**Exercise goal:** With the pictures left aside, write out exactly the lines of the listing below from the line with "Мужская баскетбольная футболка" to the line with "Lot 238: Mid-Century", both included, and only those.

**Information supplied:**

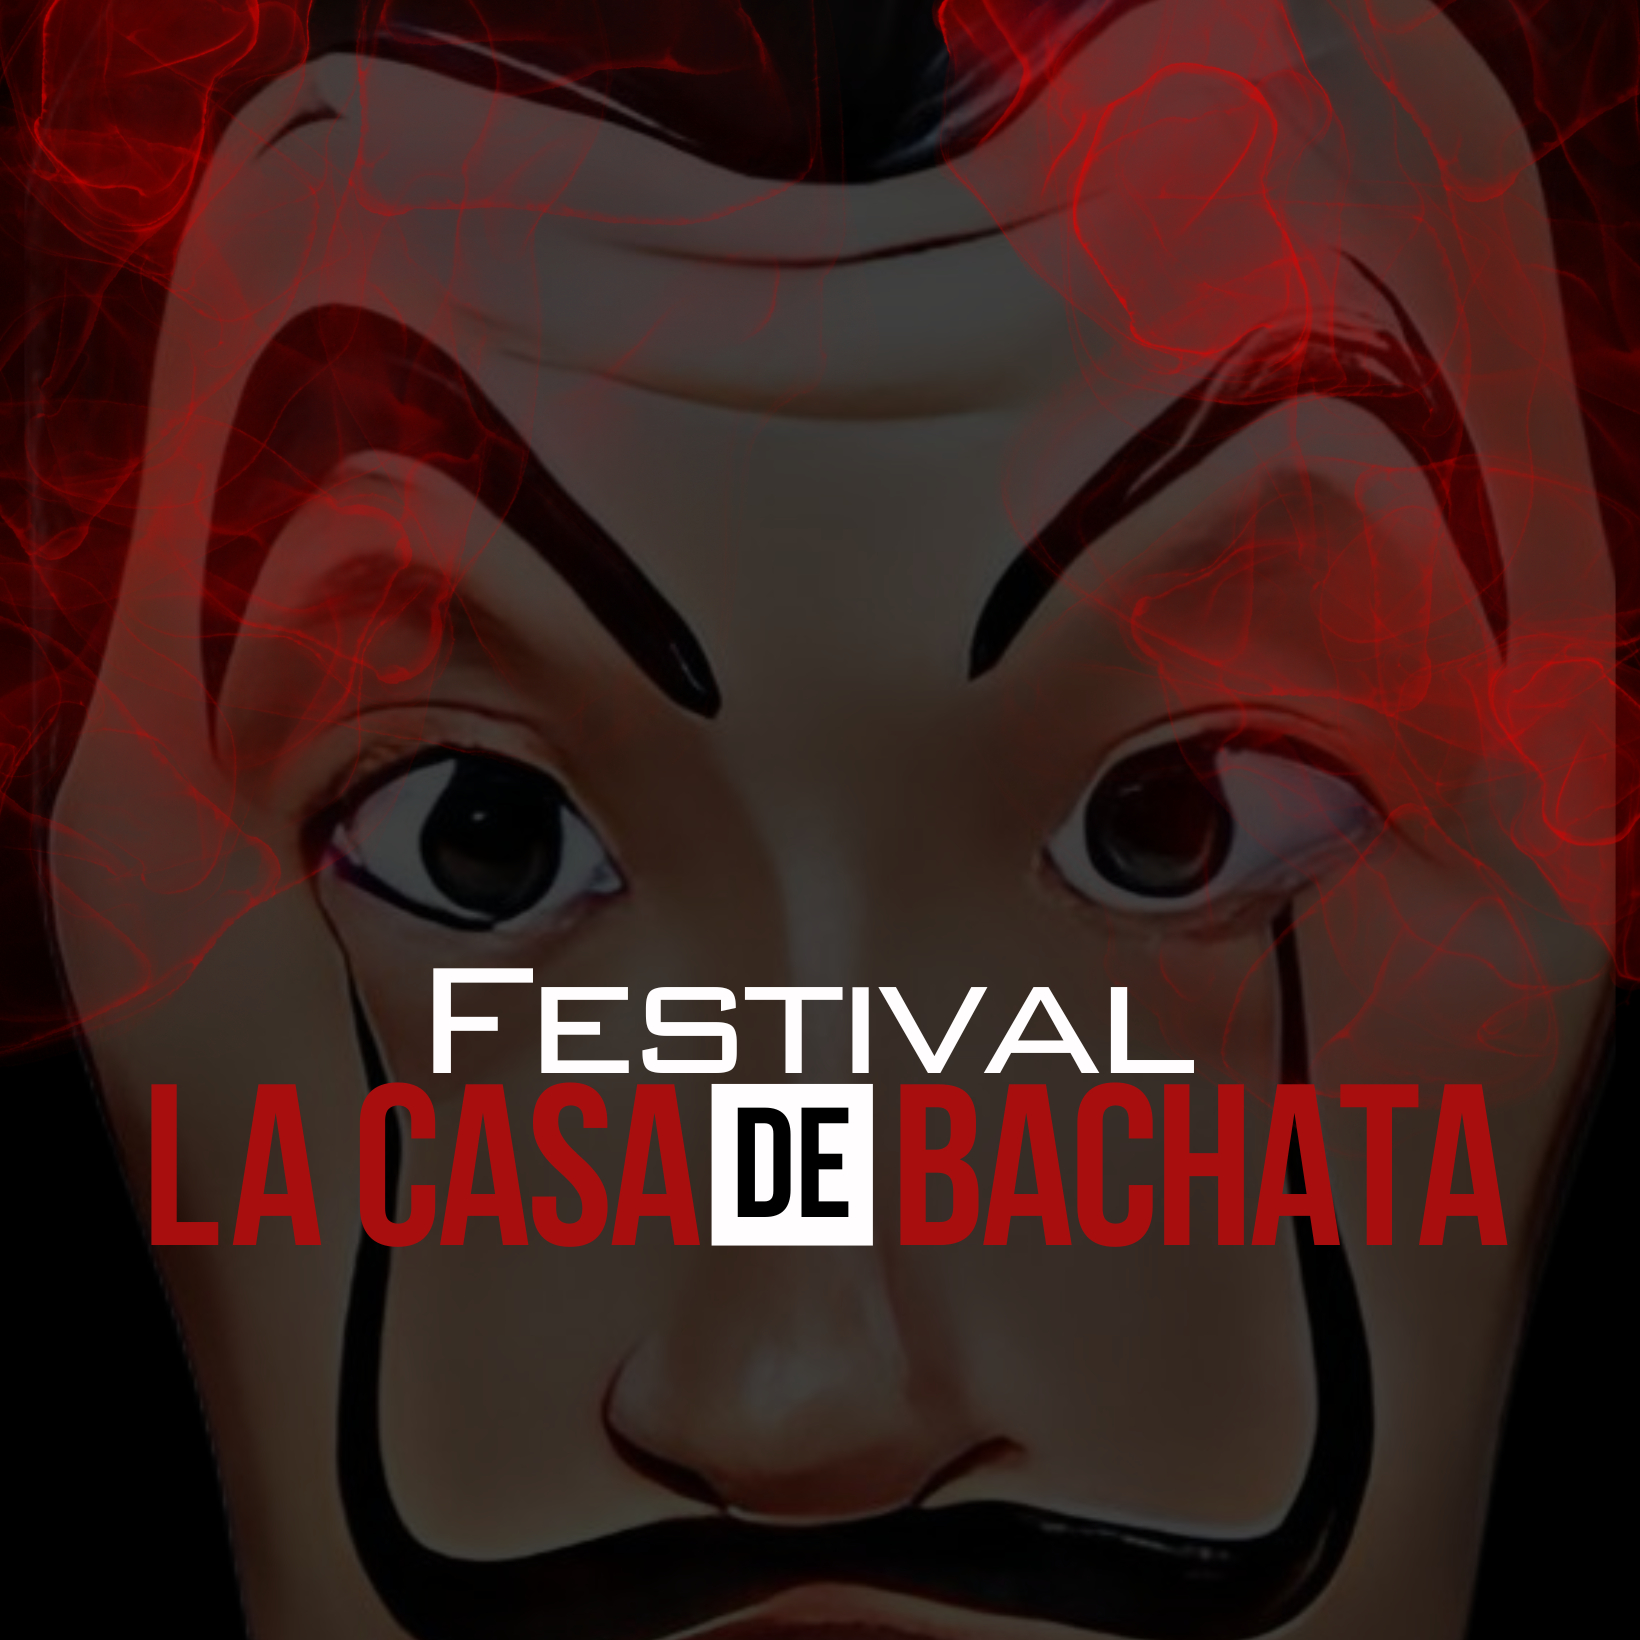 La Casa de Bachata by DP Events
...
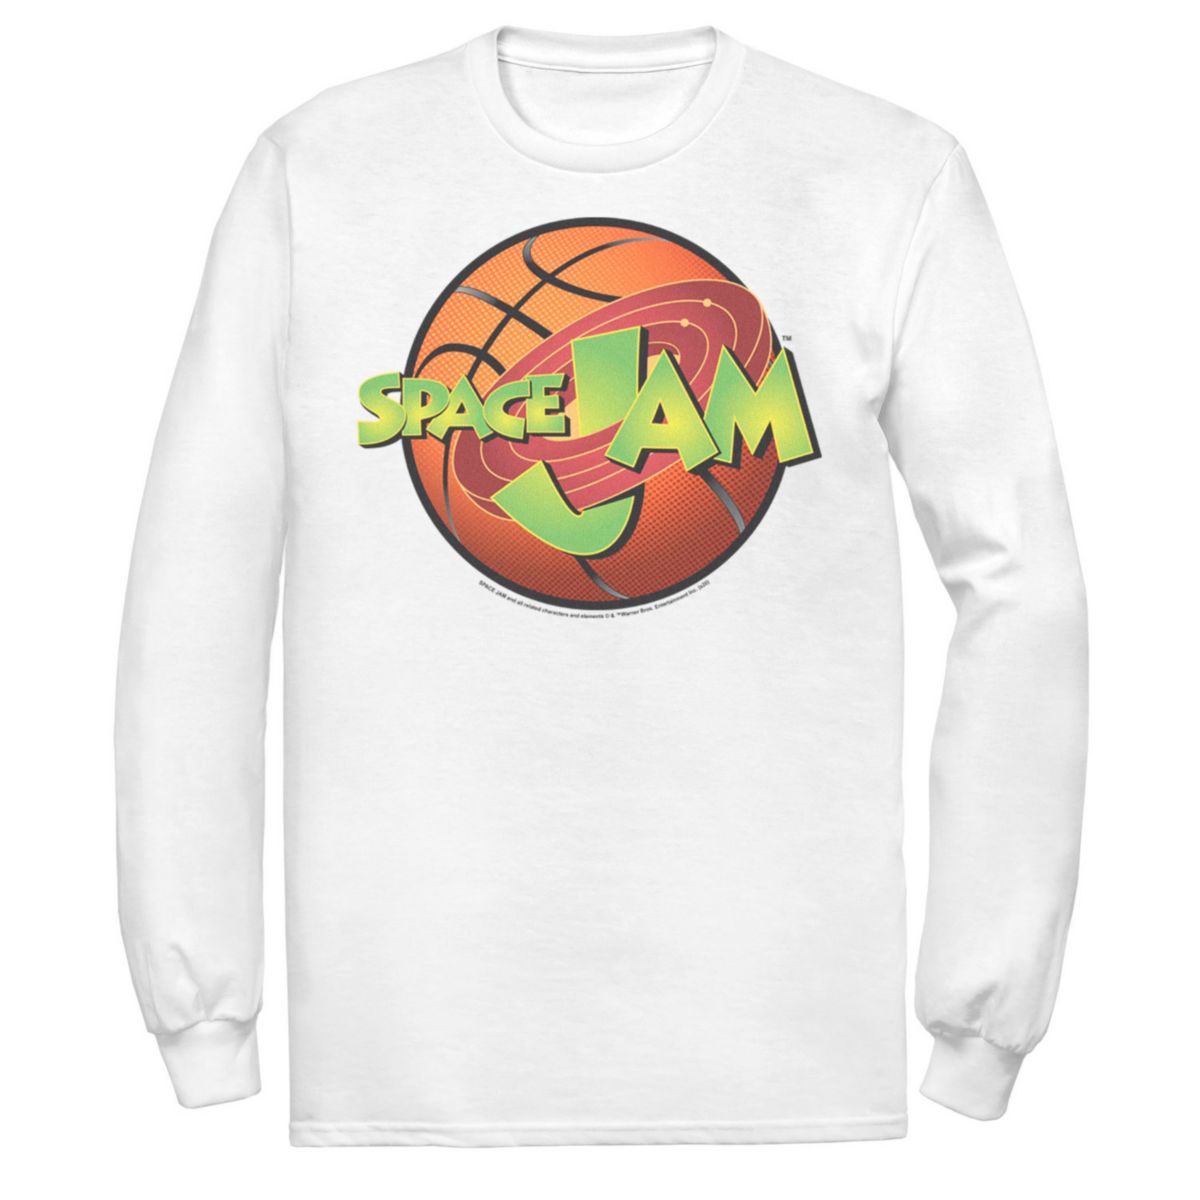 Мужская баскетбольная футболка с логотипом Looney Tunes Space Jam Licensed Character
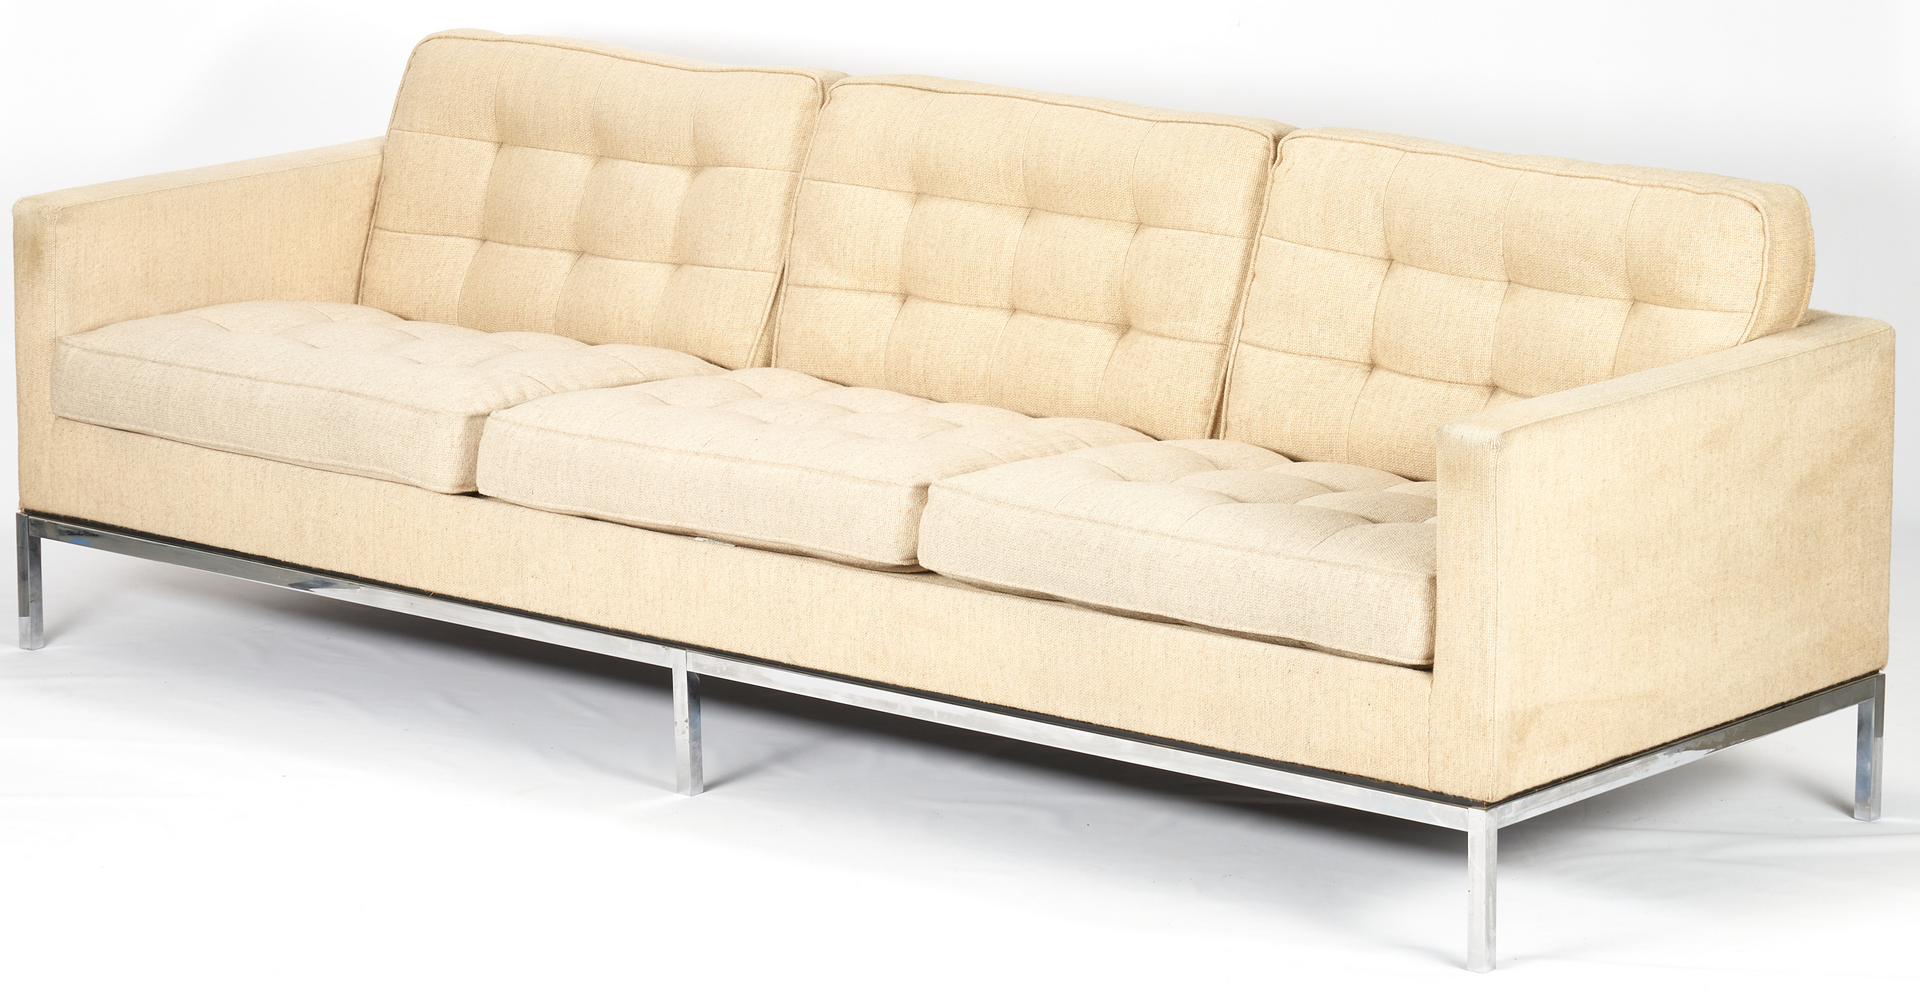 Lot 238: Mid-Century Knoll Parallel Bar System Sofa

**Reply:**
 Мужская баскетбольная футболка с логотипом Looney Tunes Space Jam Licensed Character
 Lot 238: Mid-Century Knoll Parallel Bar System Sofa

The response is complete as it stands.